The Class I E3 Ubiquitin Ligase TRIM67 Modulates Brain Development and Behavior

ABSTRACT

Specific class I members of the TRIM family of E3 ubiquitin ligases have been implicated in neuronal development from invertebrates to mammals. The single invertebrate class I TRIM and mammalian TRIM9 regulate axon branching and guidance in response to the axon guidance cue netrin-1, whereas mammalian TRIM46 establishes the axon initial segment. In humans, mutations in TRIM1 and TRIM18 are implicated in Optiz Syndrome, characterized by midline defects and often mild intellectual disability. TRIM67 is the most evolutionarily conserved vertebrate class I TRIM, yet is the least studied.
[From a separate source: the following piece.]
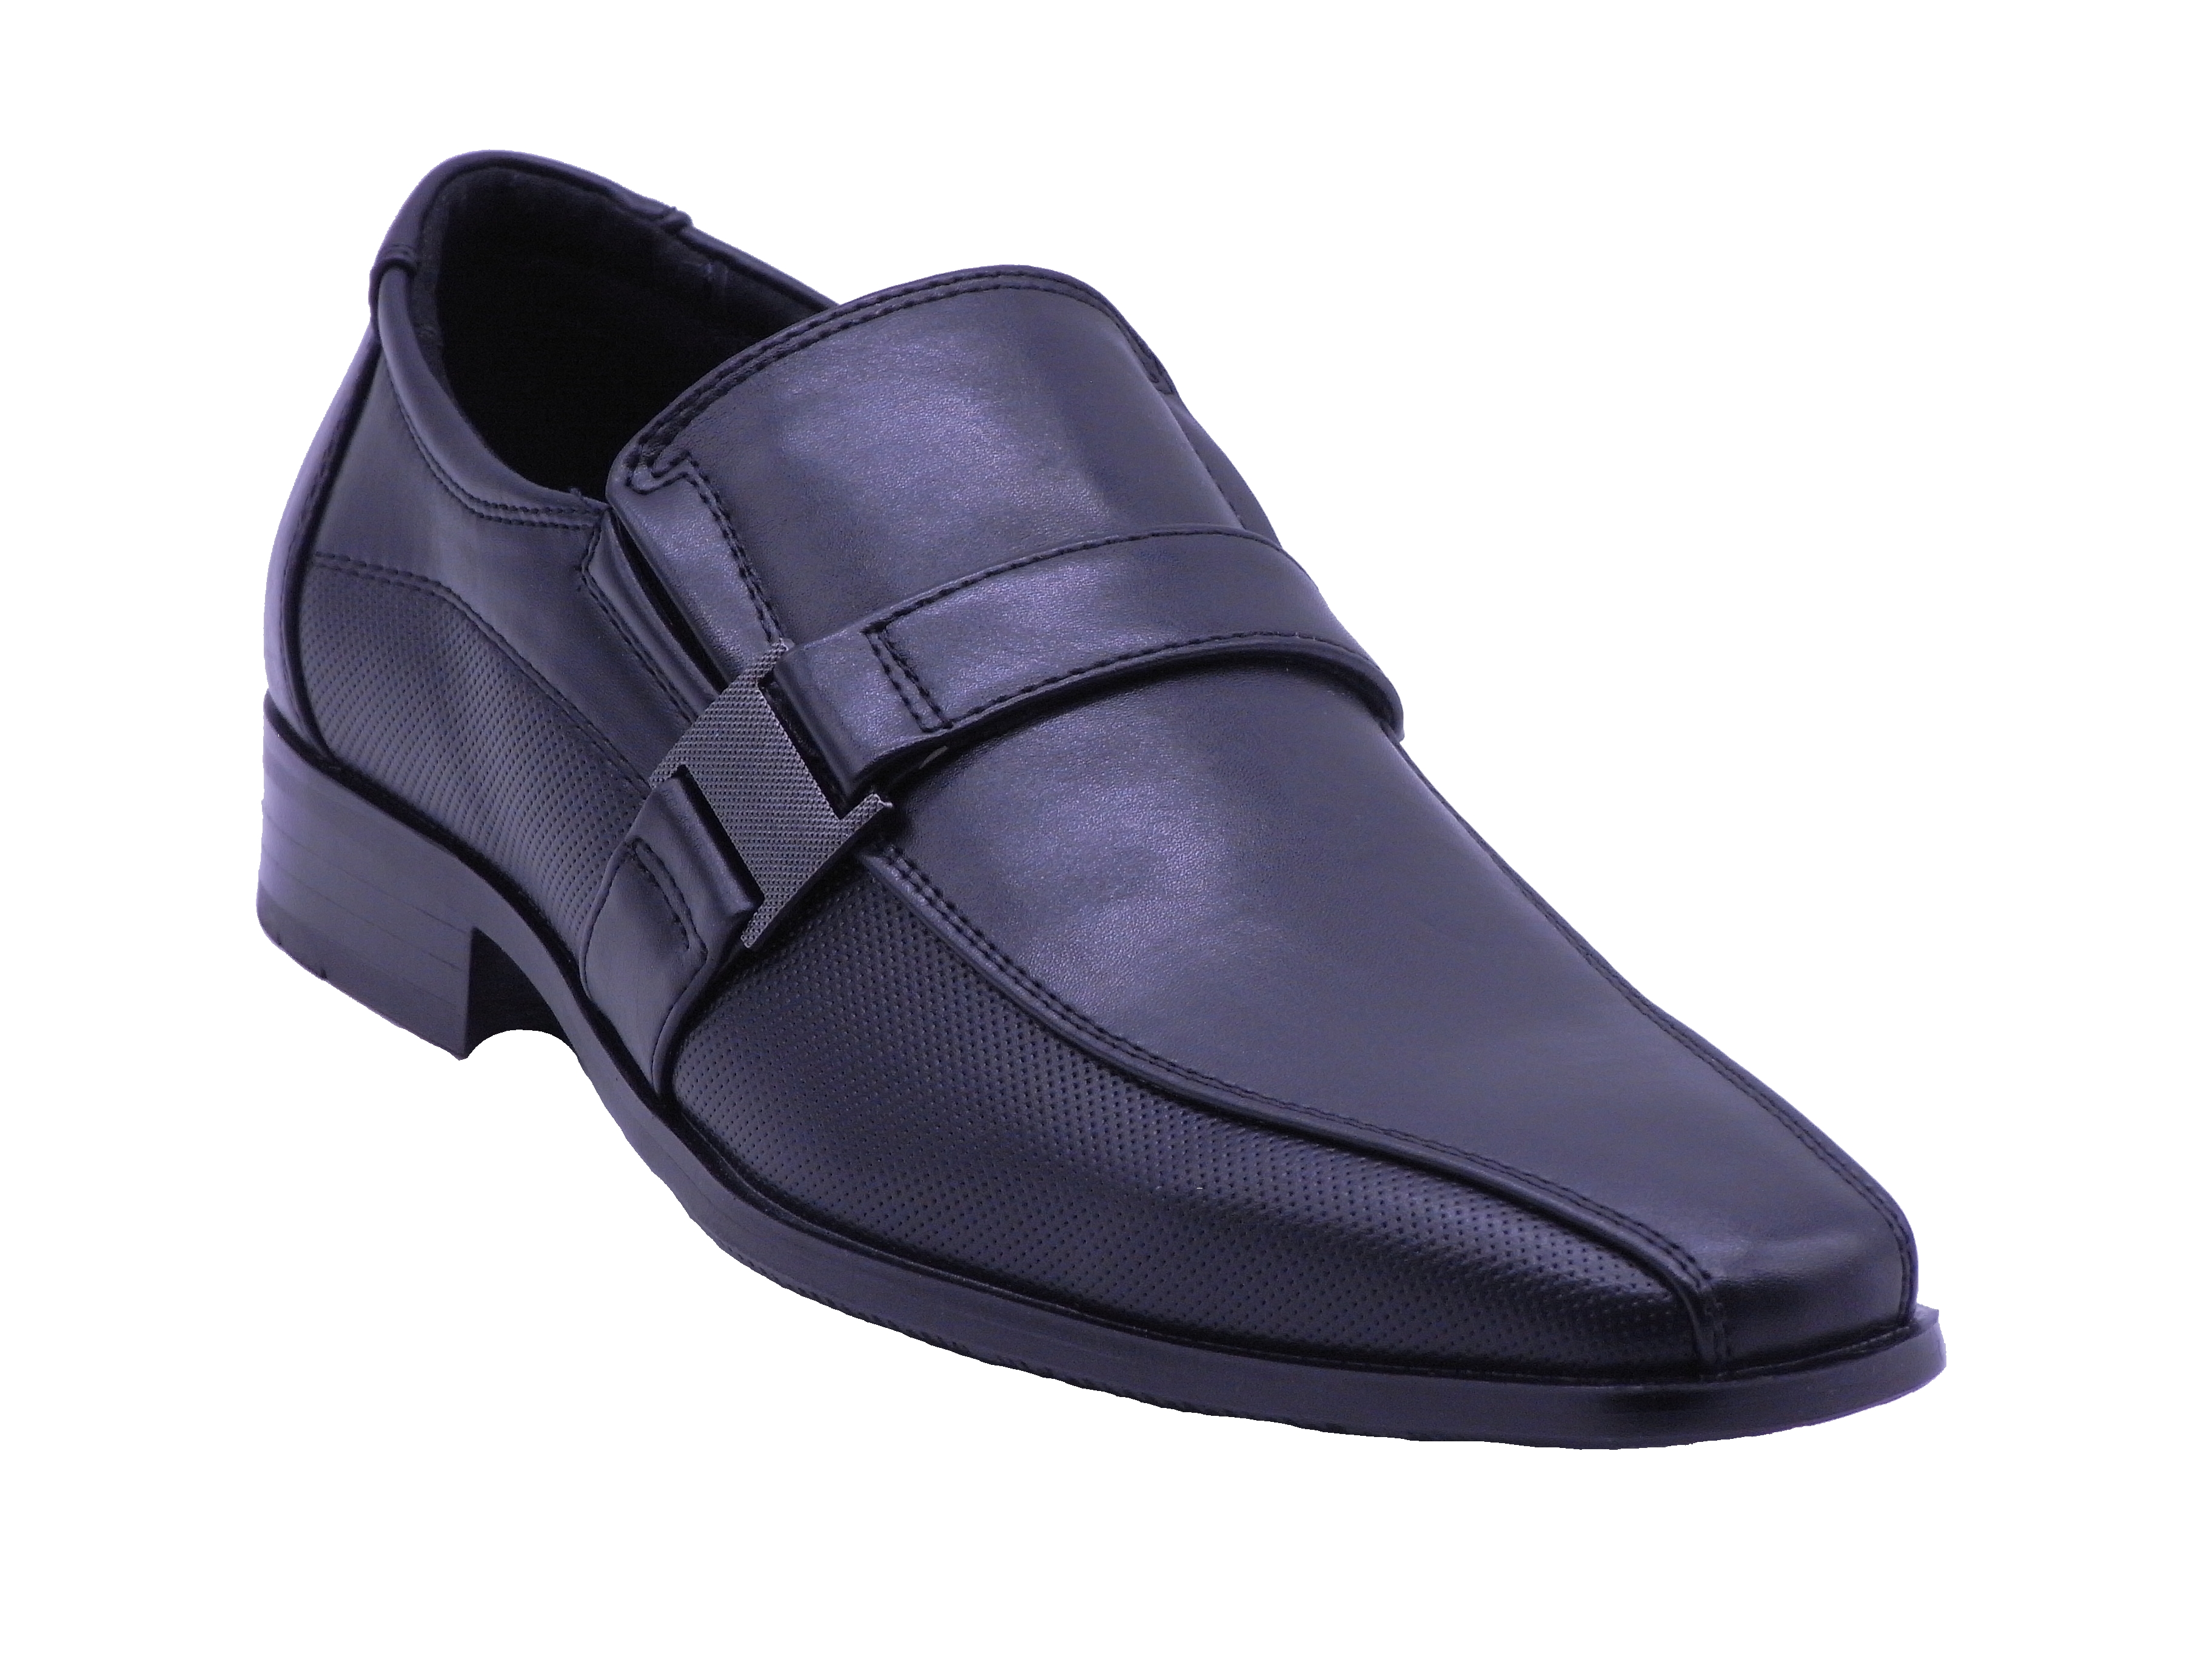 Men Shoes Slip On Strap Loafer Black Color Size US8.5 - image 1 of 5

Here we show that TRIM67 interacts with both its closest paralog TRIM9 and the netrin receptor DCC, and is differentially enriched in specific brain regions at specific developmental points. We describe the anatomical and behavioral consequences of deletion of murine Trim67. While viable, mice lacking Trim67 display severe impairments in spatial memory, cognitive flexibility, social novelty preference, muscle function and sensorimotor gating. Additionally, they exhibit abnormal anatomy of several brain regions, including the hippocampus, striatum and thalamus, as well as the corpus callosum. This study demonstrates the necessity for TRIM67 in appropriate brain development and function.